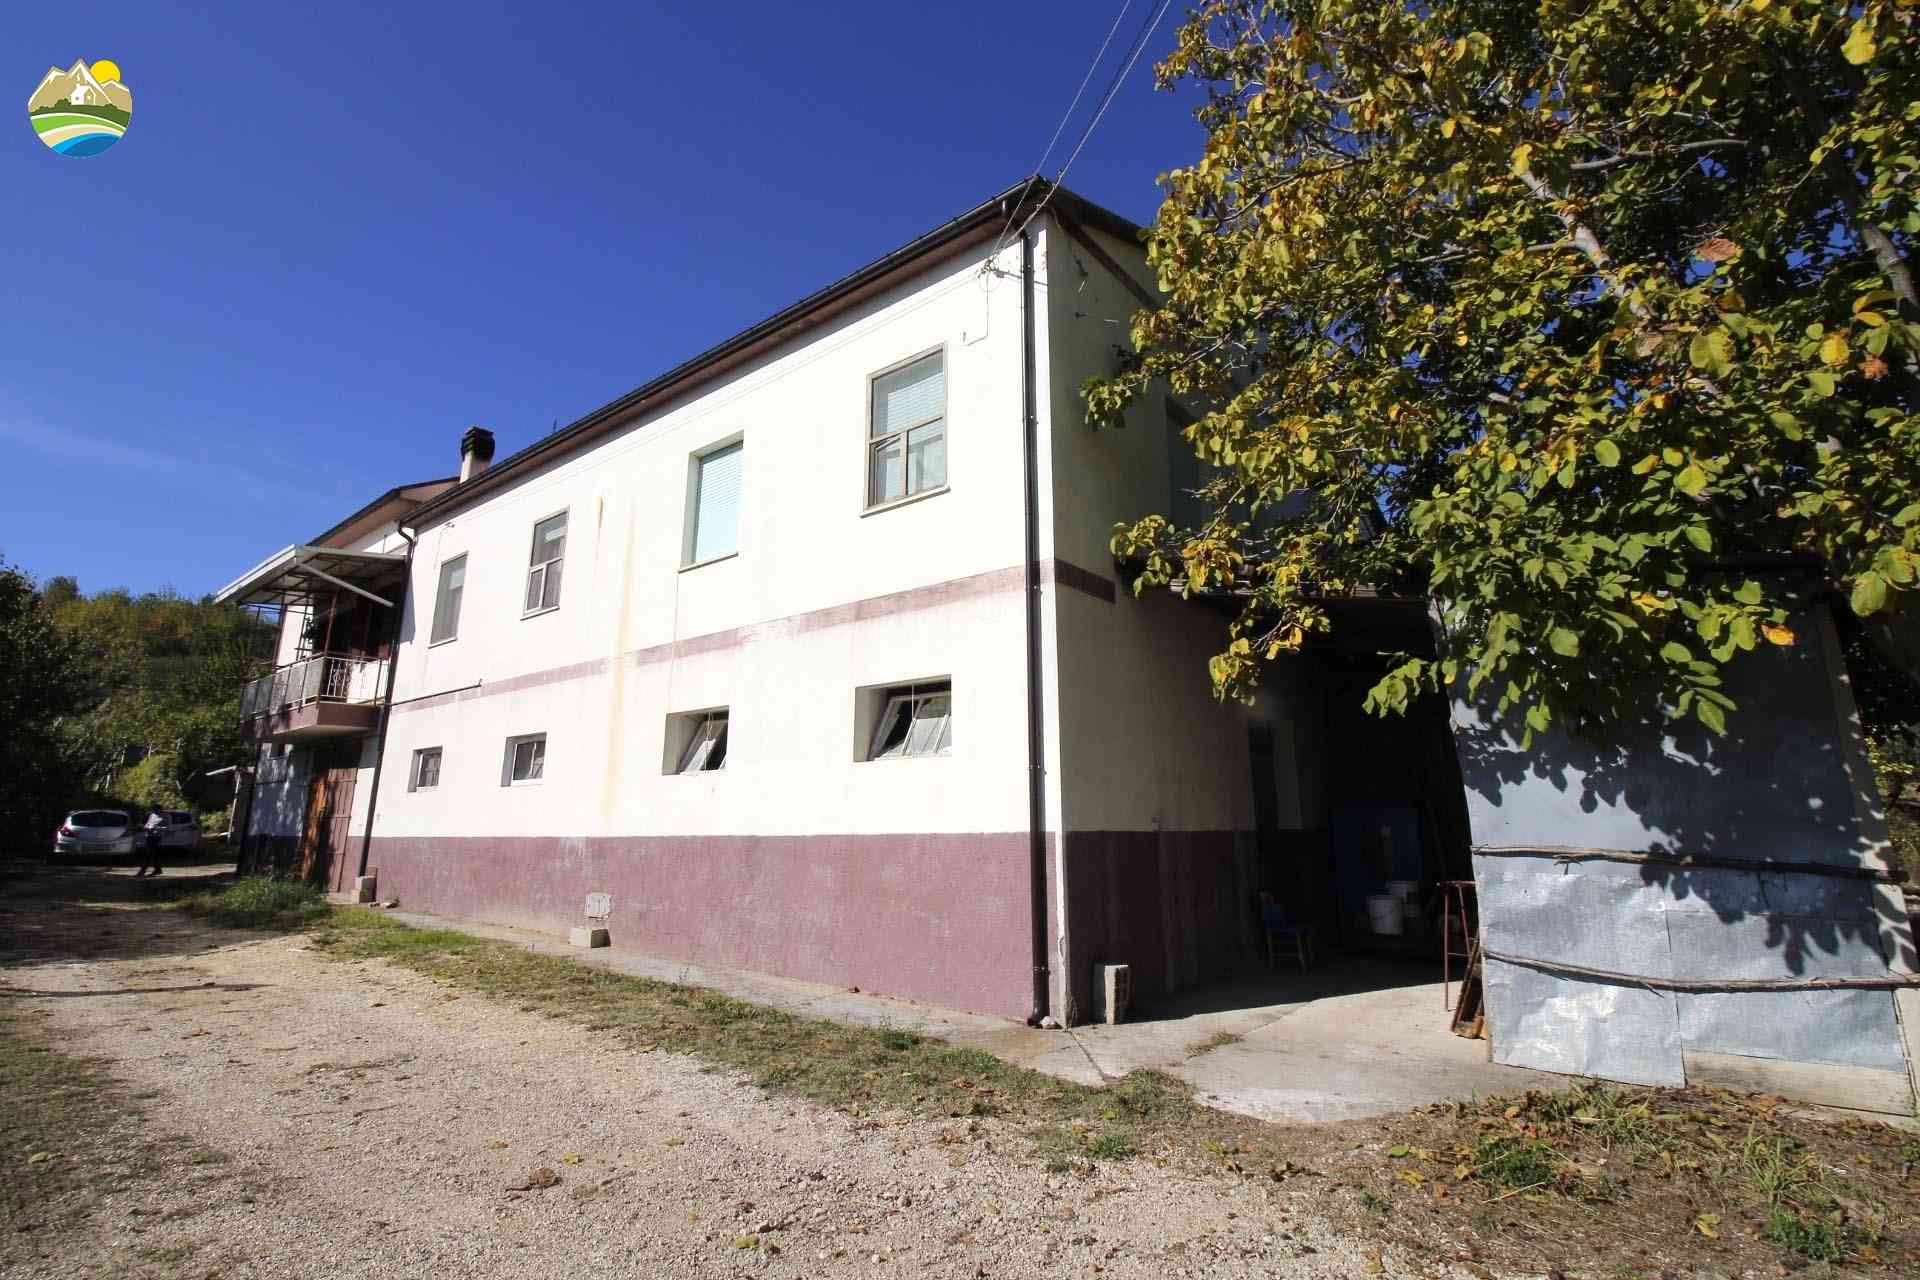 Casa di campagna Casa di campagna in vendita Bisenti (TE), Casa Montonico - Bisenti - EUR 148.473 540
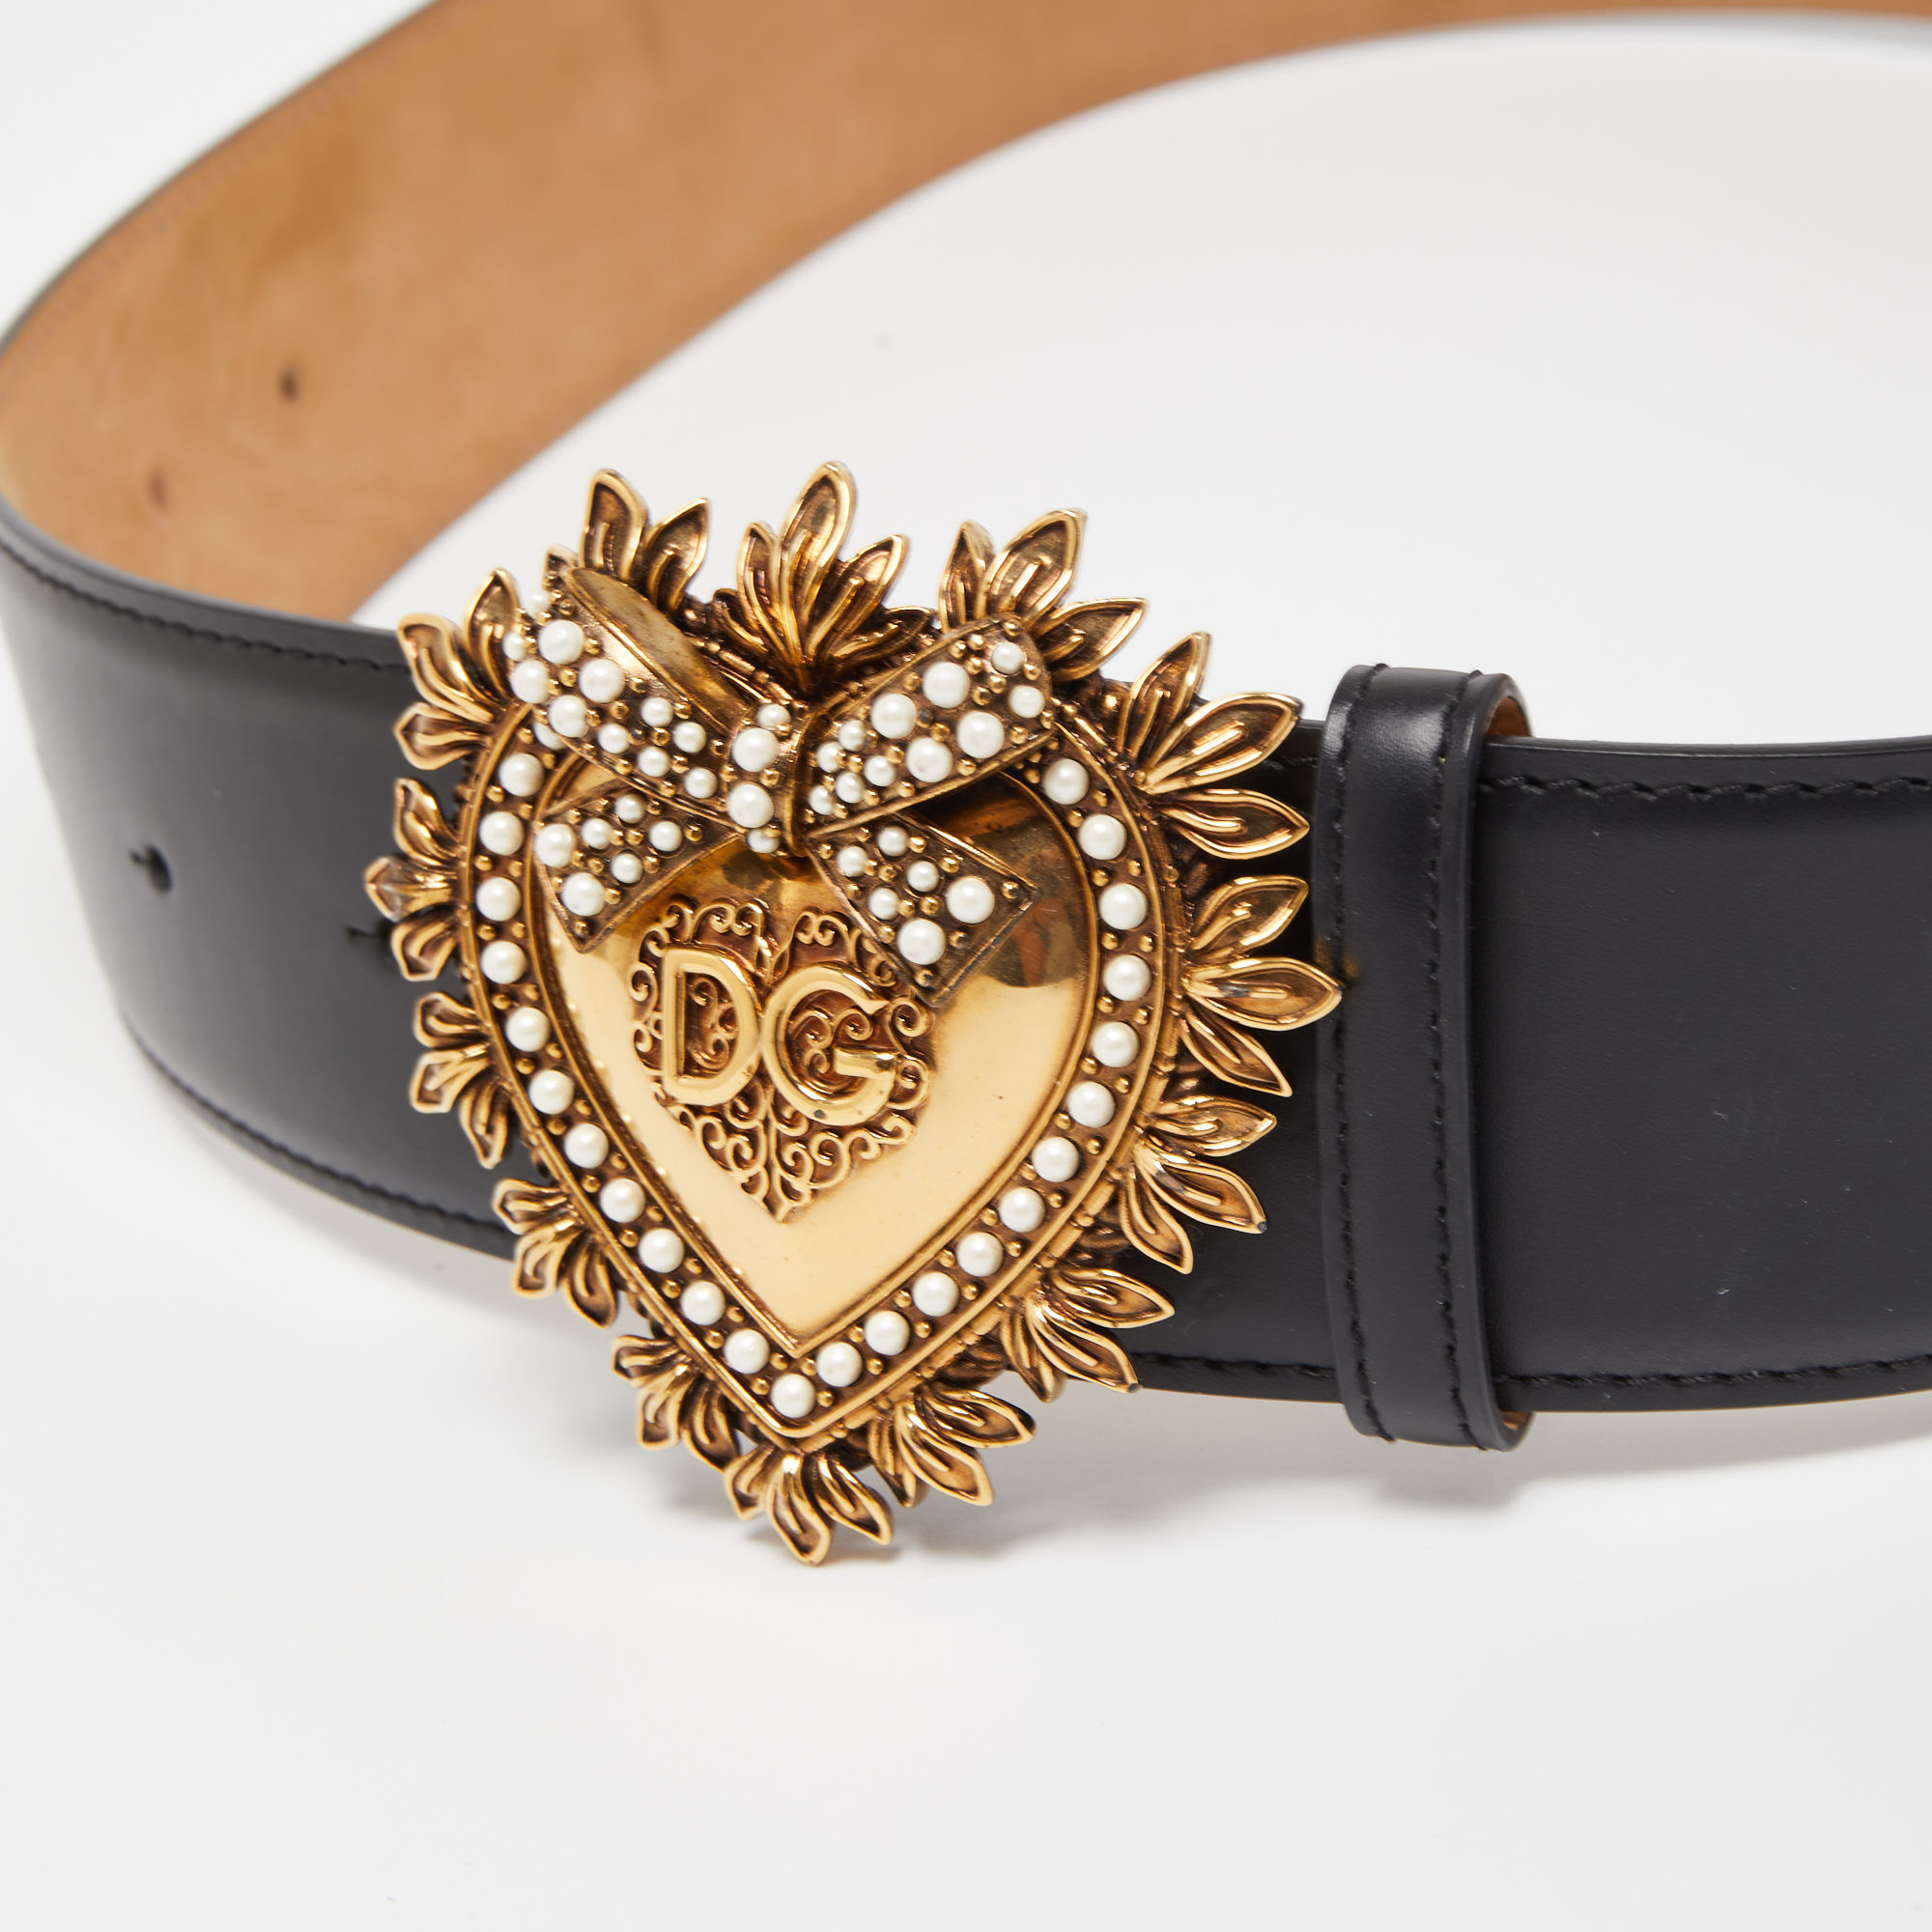 

Dolce & Gabbana Black Leather Devotion Heart Buckle Belt
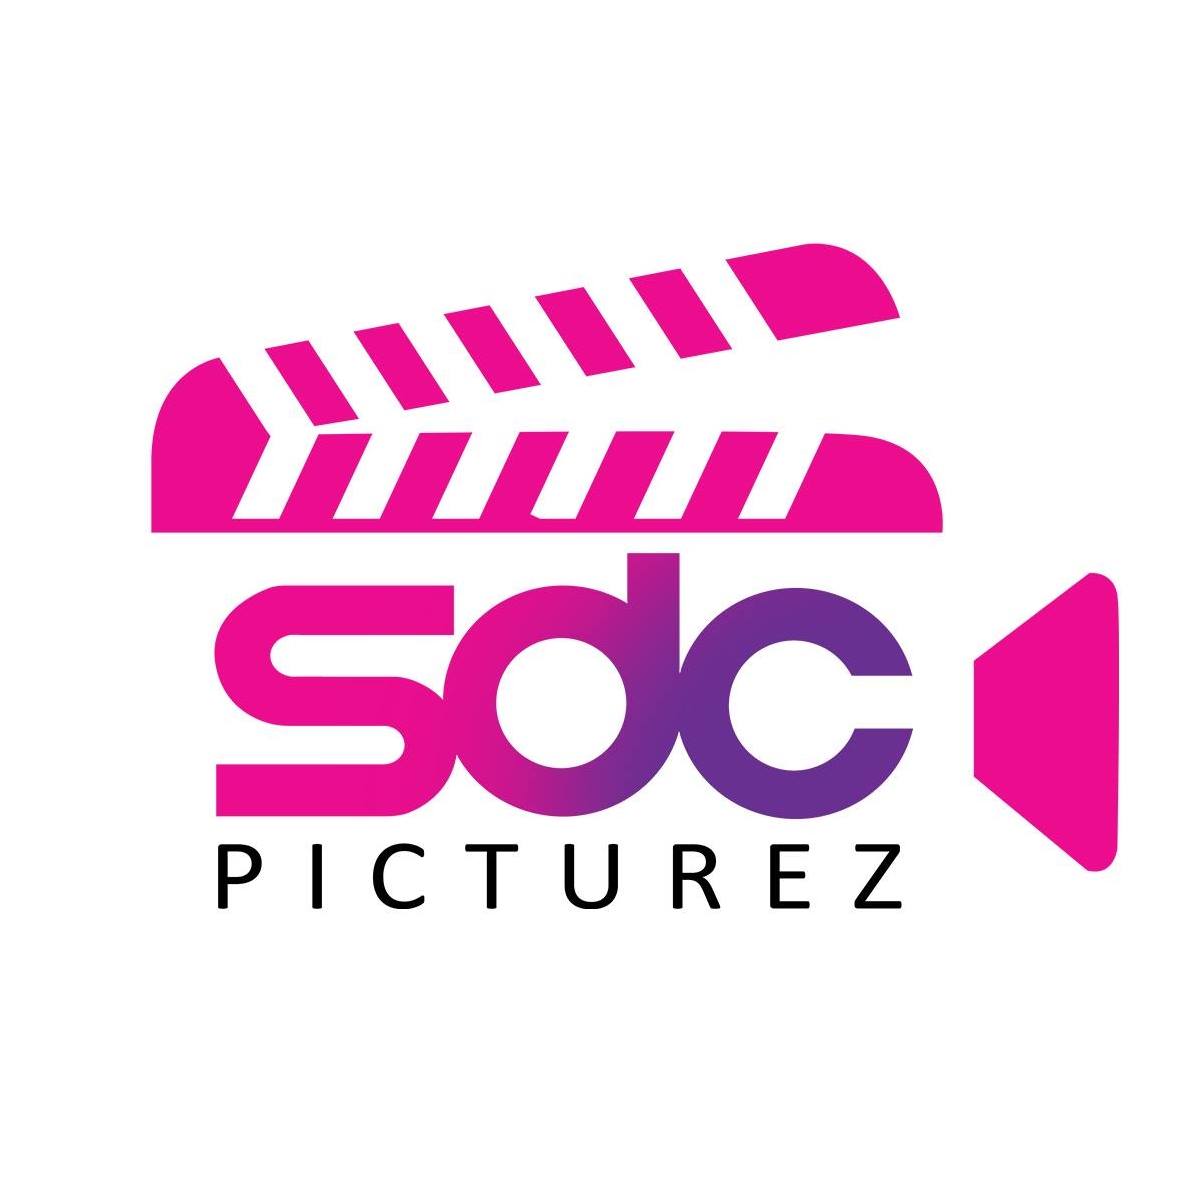 SDC Picturez

___

Aim of the task –
Please retype the data exactly as it appears, but without any of its pictures.

Response area –
 Casa di campagna Casa di campagna in vendita Bisenti (TE), Casa Montonico - Bisenti - EUR 148.473 540

Dolce & Gabbana Black Leather Devotion Heart Buckle Belt
 SDC Picturez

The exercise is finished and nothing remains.